Another little girl was sitting on the ground reading Joe Moreschauser's "How to Play Wargames in Miniatures"

She could not be moved and she didn't want to leave. I told the woman the girl could take it home and finish reading it." The woman was shocked. The book came back two weeks later. The mother told me that her daughter had started making her own magical kingdom.

Eventually the parents dragged the kids away from the table to Santa, waiting rather grumpily in the corner, but their minds weren't with him; their eyes were wandering back to the table.

As each group left, they were given a small toy from "the local train and game" and a gift coupon.

The next thing I'm going to do is see if I can put on a game in the mezzanine or open area of a shopping mall. Let the public come up, see it, play a round or two, roll some dice,…

"Hurri, Hurri, Hurri, step right up and see the show.. she the horrible man beast of Kukkamonga, the largest rat in existence, look at the reincarnated spirit of Pharoh Psoriasis.. look at the pretty dancing girls….

Give em the old hocus pocus, bead and feather em…

Want new customers and gamers? Put on a game in the mezzanine of a shopping mall,

Want to attract other gamers, show them that it's fun to game with you.

Wargames is about FUN, nothing more.

TGerritsen28 Jul 2017 2:19 p.m. PST

I agree, Otto. It's about fun. I've played games that are unbelievably complex but had a ball because the person running the game was organized, had enthusiasm in his presentation and made that enthusiasm infections to everyone playing.

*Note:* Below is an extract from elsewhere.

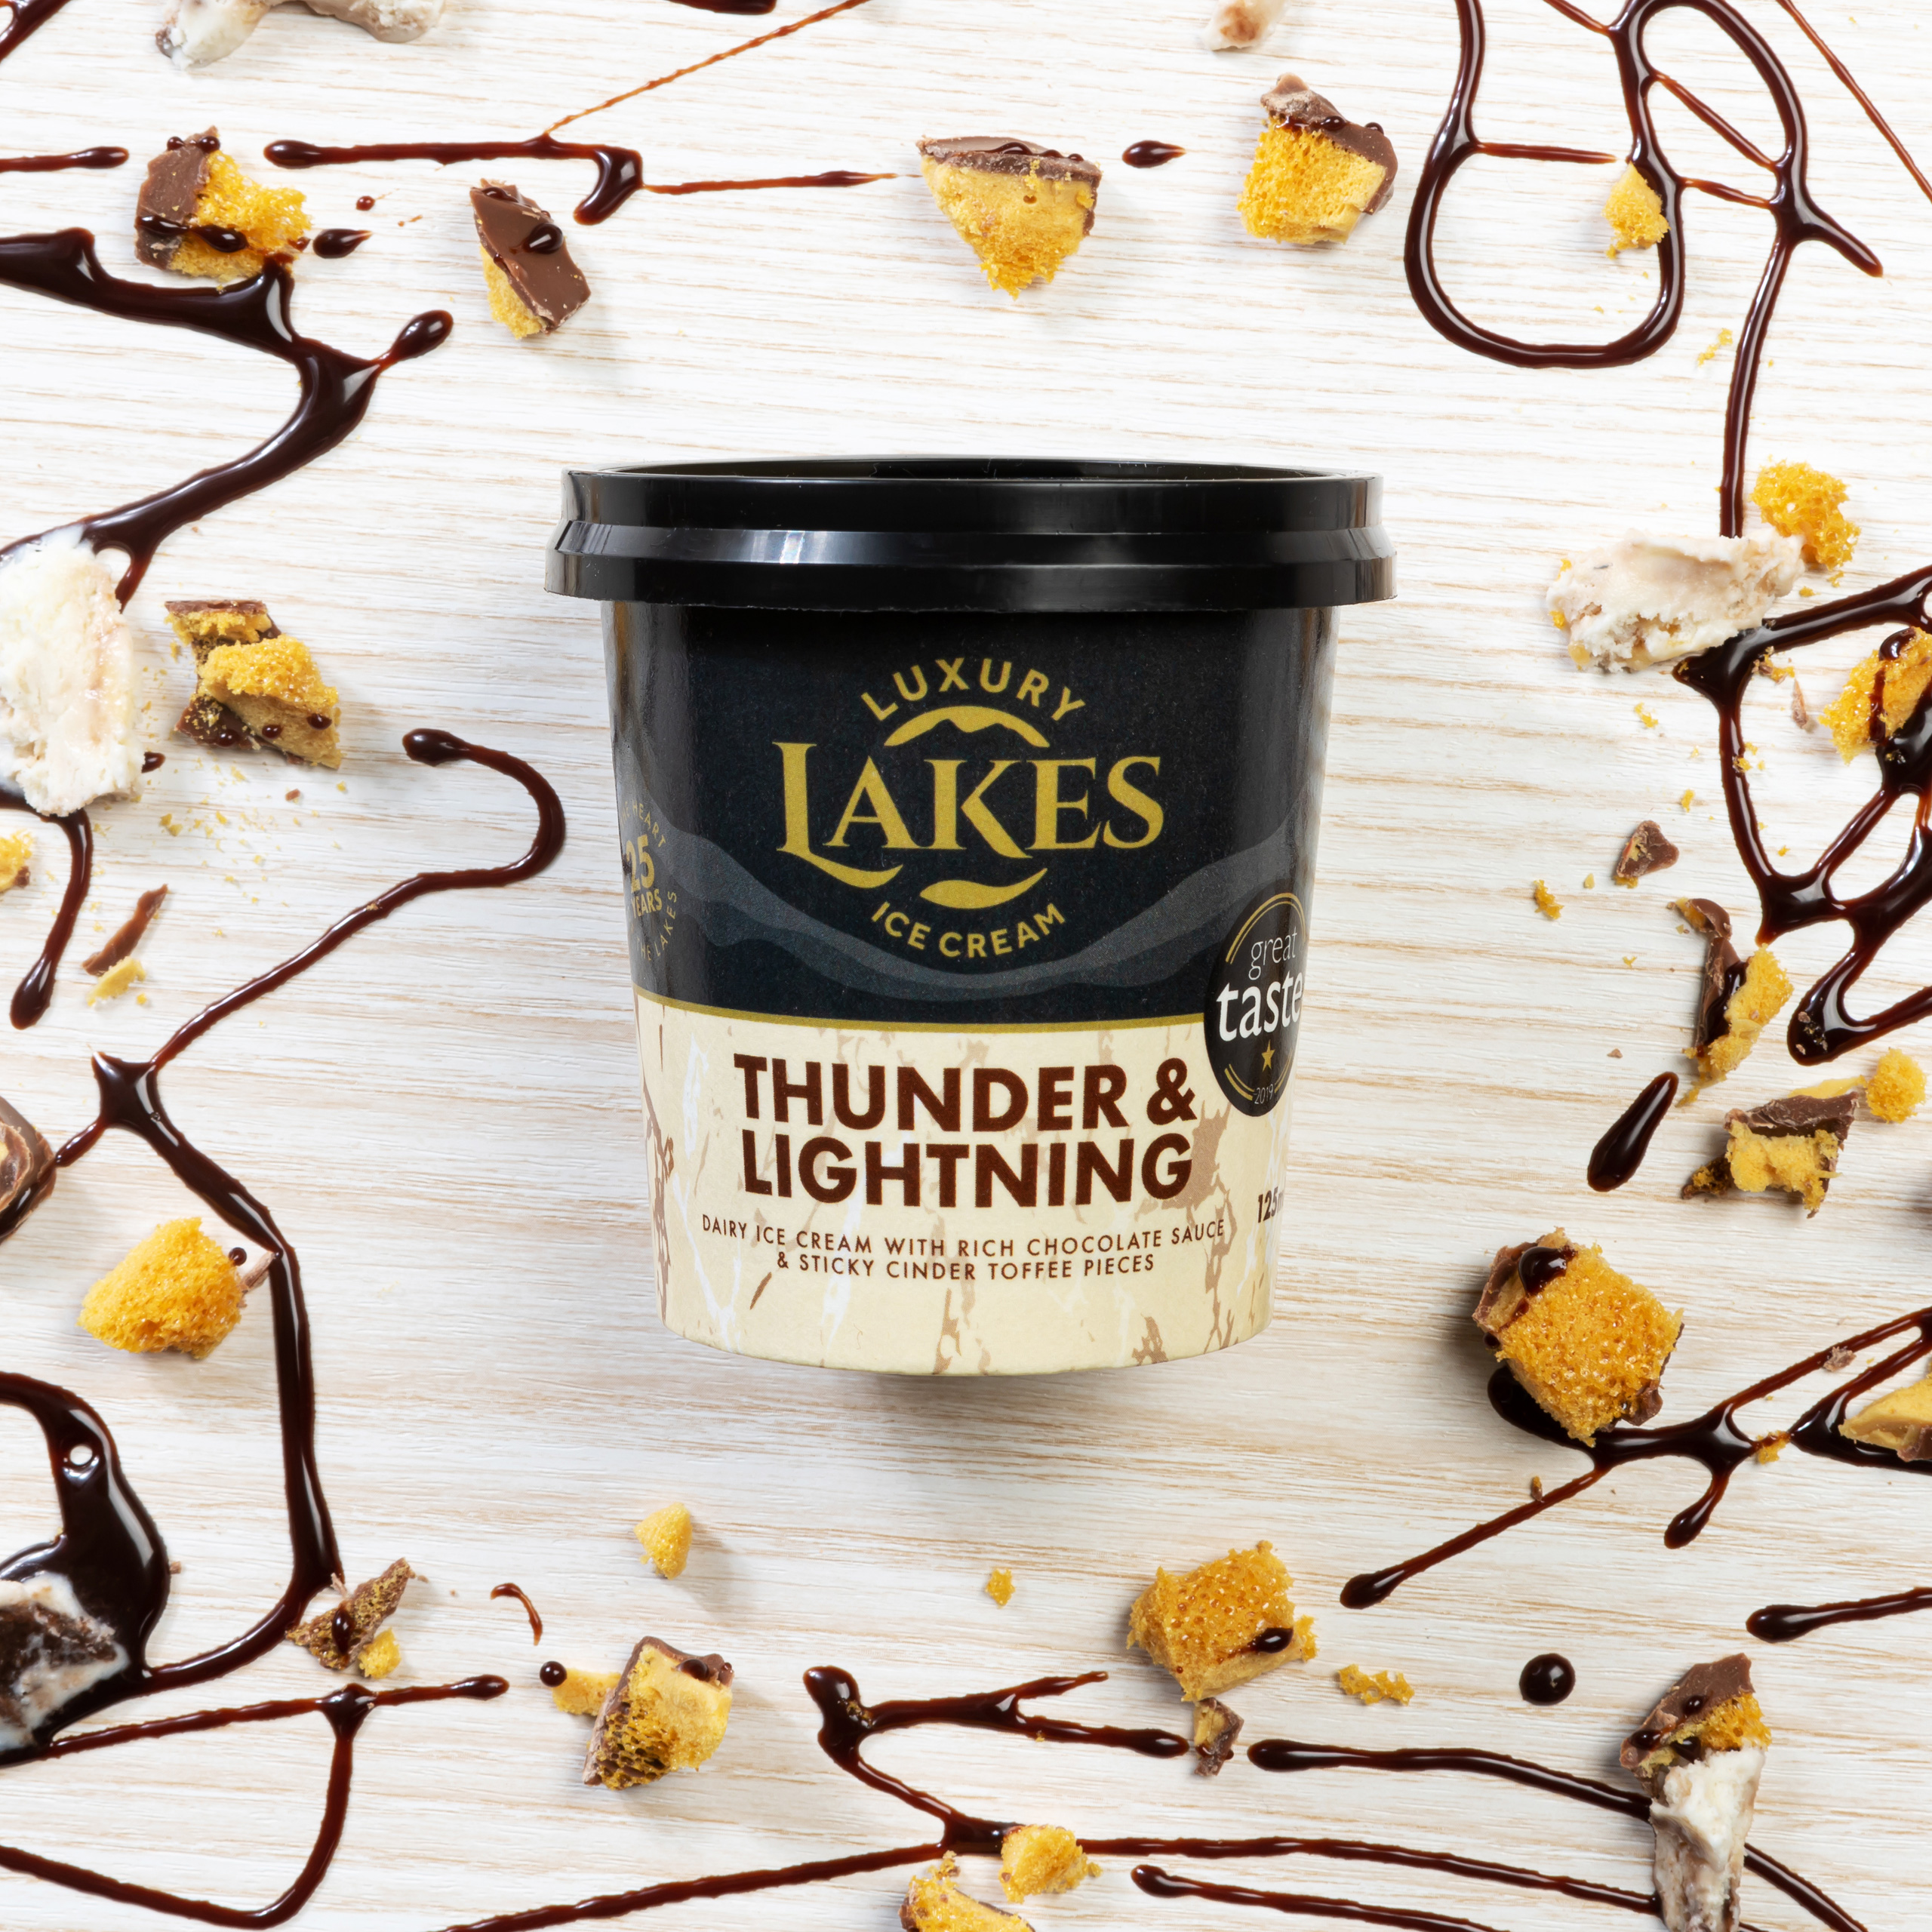 Thunder & Lightening ice cream tub

I've played very simple games (which are the ones I typically prefer) where the person running the game was disorganized, took over an hour to explain a game that would take anyone else five minutes, the players were jerks and despite beautiful miniatures and a class act table, wanted to never play with them again.

It's about having fun and interacting with your fellow players. If you aren't having fun, the game itself will have little bearing on the experience and vice versa.

Ottoathome Inactive Member28 Jul 2017 4:35 p.m. PST

Dear TGerritsen.

Thanks. If it isn't fun why do it. I agree about complexity. But complexity is elusive. More rules do not a complex game make. One of the most fascinating games I ever played is Quartermaster General. Incredibly complex based on a few simple elements. On the other hand I understand EXACTLY the type of game you are talking about. An excellent GM can make it all flow.
The other gamers not being a bunch of dorks is also important. But there is one other element. The player themselves, or yourself or myself has to be WILLING AND WANTING to have fun. I have seen dozens, hundreds of wargamers who go into a game and it seems they are almost fanatically determined NOT to have fun.

The circus is NOT the greatest show on earth. What makes it so when it is, is the eagerness of the attendee to be gulled.

Personal logo capncarp Supporting Member of TMP30 Jul 2017 1:40 p.m. PST

Otto--where's the "Like" button?????